R0042/2026-04-01/Q003/SRC01/E01¶
Anthropic's comprehensive anti-sycophancy program and evaluation results
URL: https://www.anthropic.com/news/protecting-well-being-of-users
Extract¶
Key findings from Anthropic's anti-sycophancy work:
Timeline: Anthropic began evaluating Claude for sycophancy in 2022, prior to its first public release.
Evaluation methodology: - Multi-turn behavioral audits: one Claude model (auditor) conducts dozens of exchanges with the model being tested; another model (judge) grades performance - Petri open-source evaluation tool: released for public comparison across models - Real conversation stress-testing: "prefilling" technique with older conversations
Results: - Claude 4.5 family scored 70-85% lower than Opus 4.1 on sycophancy and encouragement of user delusion - Claude 4.5 performs better on Petri's sycophancy evaluation than all other frontier models - Course-correction rates vary: Opus 4.5 (10%), Sonnet 4.5 (16.5%), Haiku 4.5 (37%)
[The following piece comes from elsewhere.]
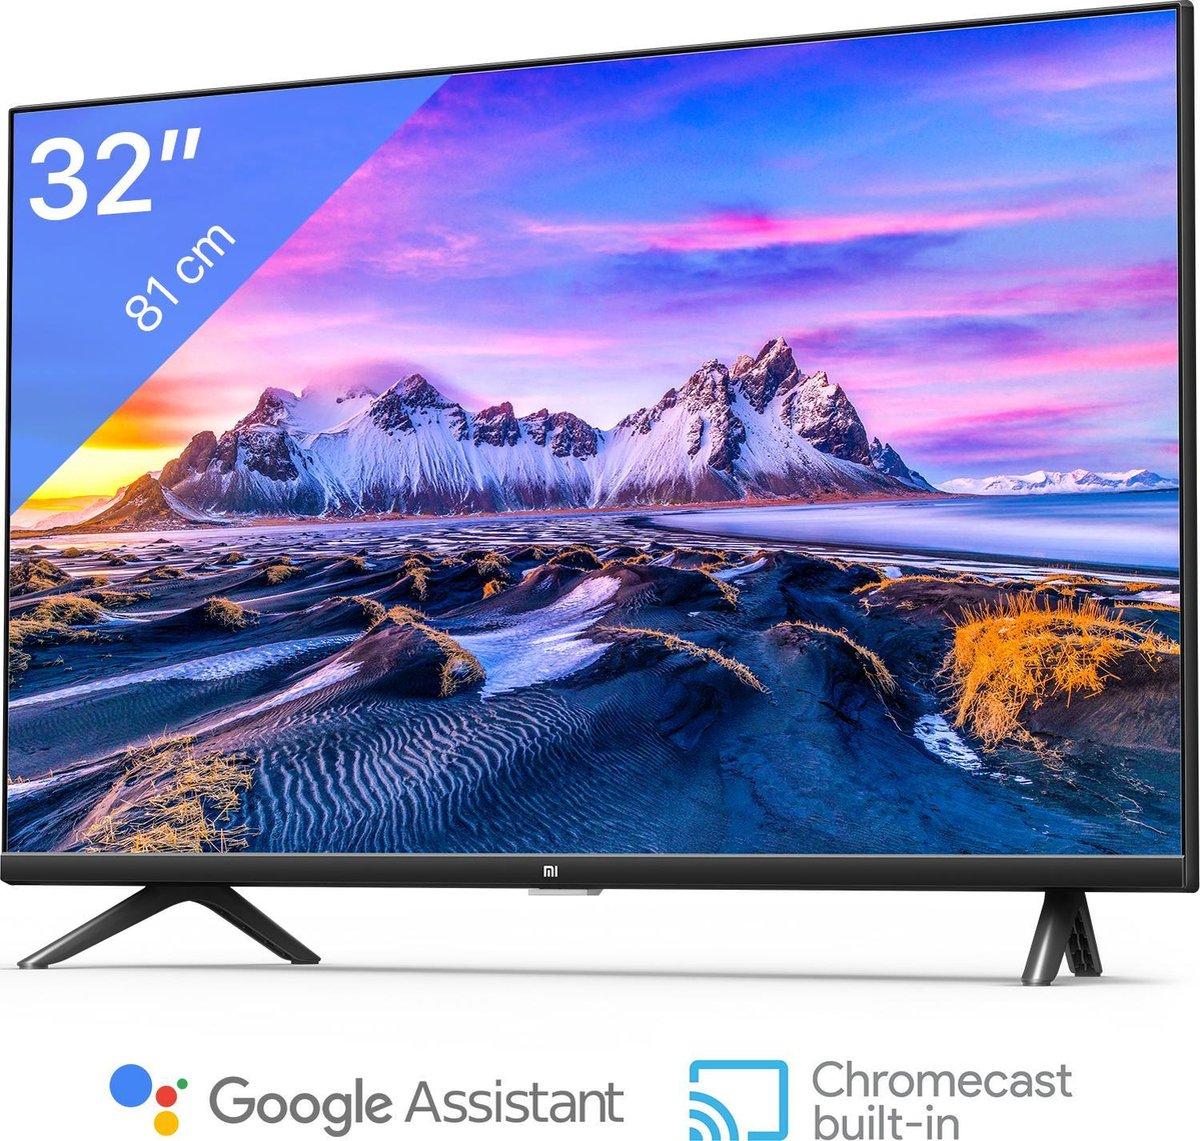 Xiaomi Mi Smart TV P1 – 32 inch – HD ready LED – 2021

Design trade-offs acknowledged: - Balancing "model warmth or friendliness" against sycophancy - Stronger pushback (Haiku 4.5) can feel "excessive to the user" - Reducing pushback tendency (Opus 4.5) maintains friendliness but with lower course-correction
Internal discovery: Found the "internal component driving sycophancy — a concept inside Claude that activates when someone is 'really hamming it up on the compliments.'"
Relevance to Hypotheses¶
| Hypothesis | Relationship | Strength |
|---|---|---|
| H1 | Contradicts | This is model development, not enterprise private deployment |
| H2 | Supports strongly | Most comprehensive example of anti-sycophancy as design goal — at a model developer |
| H3 | Contradicts strongly | Anti-sycophancy work clearly exists and is extensive |
Context¶
Anthropic's work is the gold standard for documented anti-sycophancy design goals. The program is systematic, longitudinal (since 2022), and produces measurable results with open-source tooling. However, this is a model vendor building sycophancy reduction into their product — it is not an enterprise building private AI to achieve sycophancy reduction. The distinction matters for Q003.
Notes¶
The course-correction rate variation (10-37%) across model variants reveals an active design tension between warmth and truthfulness — the same tension enterprises would face if they attempted to build anti-sycophancy into private AI systems.